-- Work request --
What you need to produce from the material below is an exact transcription of the lines from the one with "Exquisite birch coloring book for kids" through the one with "Love is in the", both included, and no other line.

-- Data shown --
□ □ □ □ □

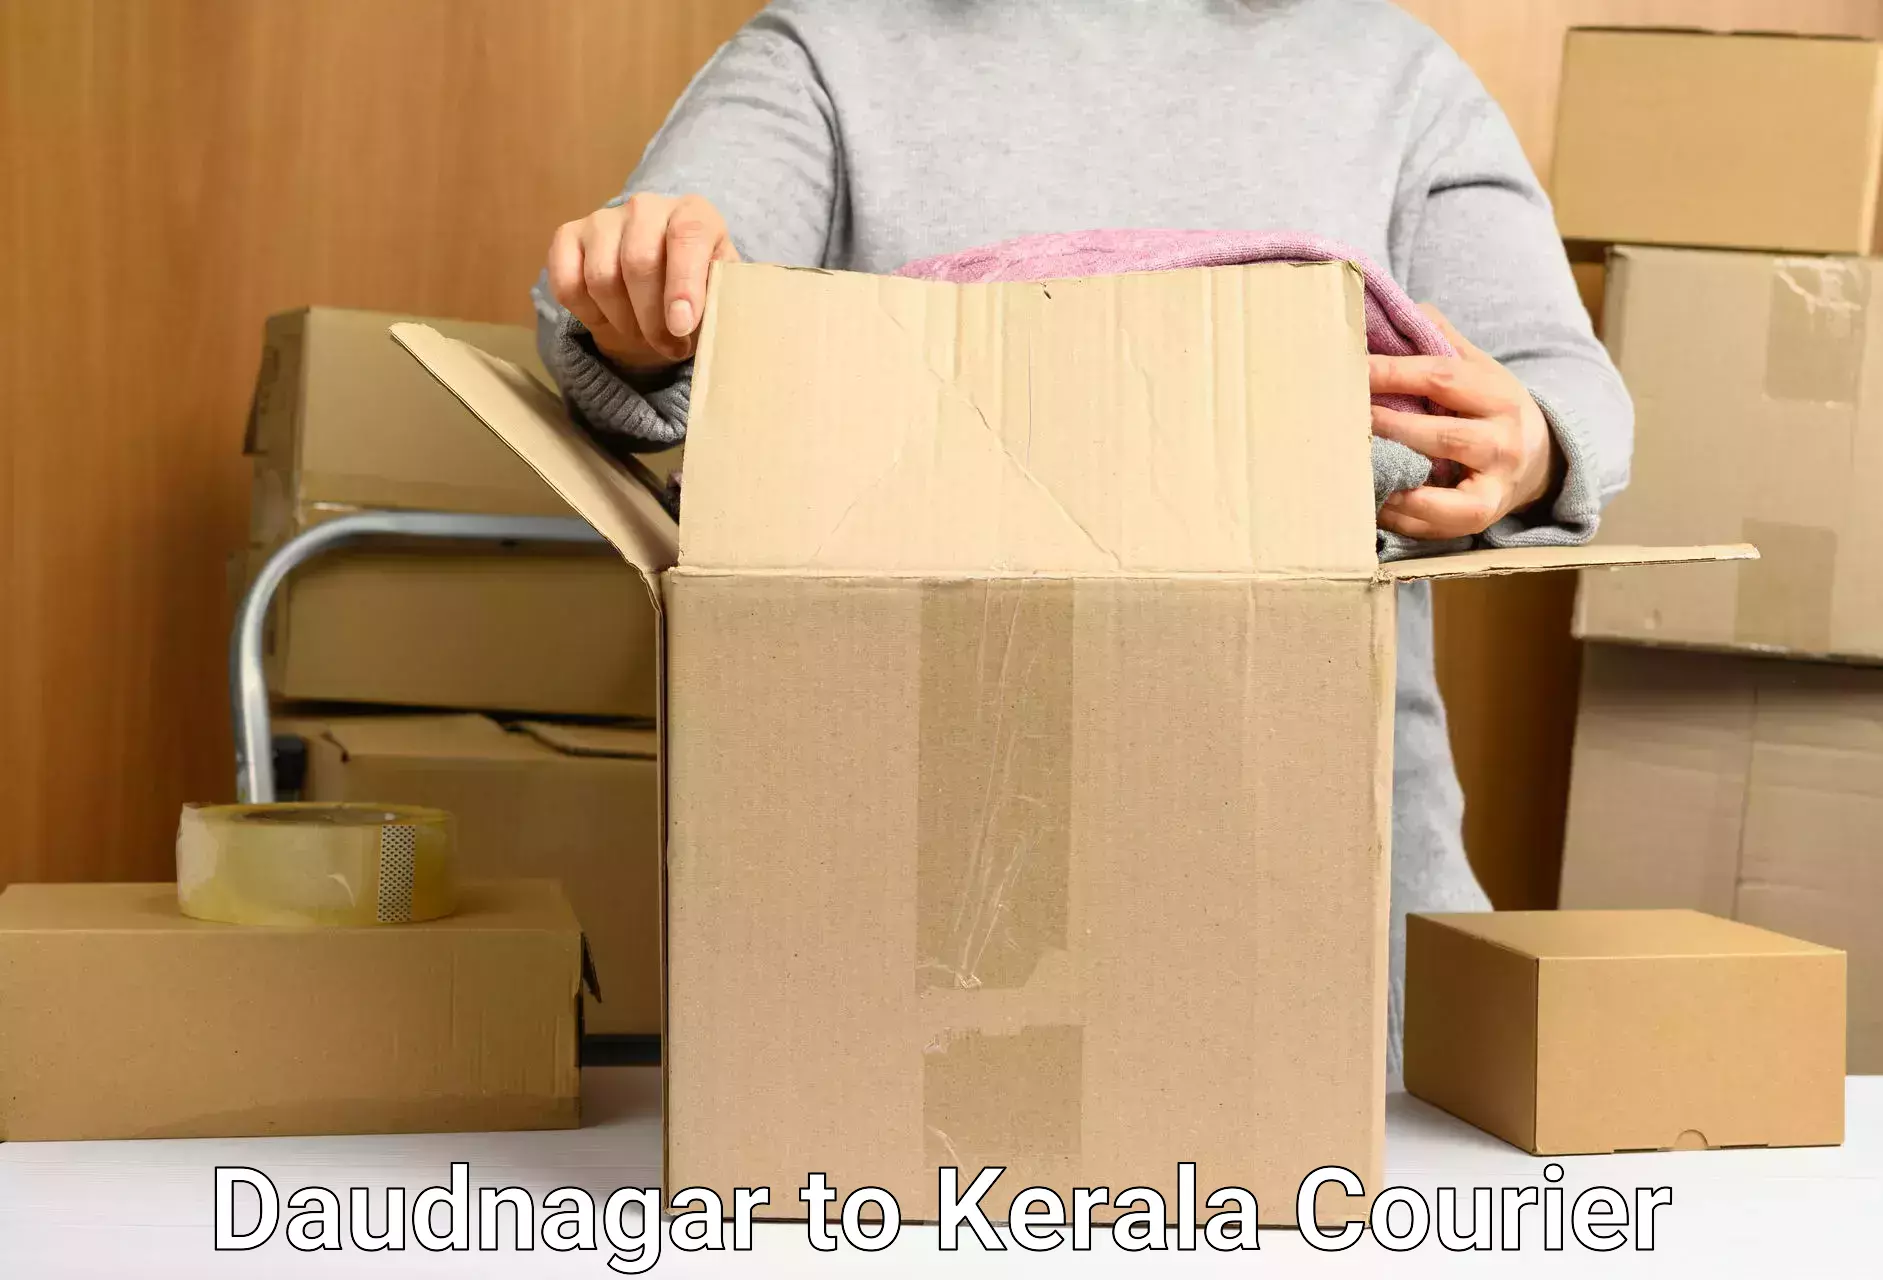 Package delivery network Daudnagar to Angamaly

□ □ □ □ □

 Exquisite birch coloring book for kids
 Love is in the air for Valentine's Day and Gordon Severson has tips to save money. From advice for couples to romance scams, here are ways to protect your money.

□ □ □ □ □

-- Worked solution --
 Exquisite birch coloring book for kids
 Love is in the air for Valentine's Day and Gordon Severson has tips to save money. From advice for couples to romance scams, here are ways to protect your money.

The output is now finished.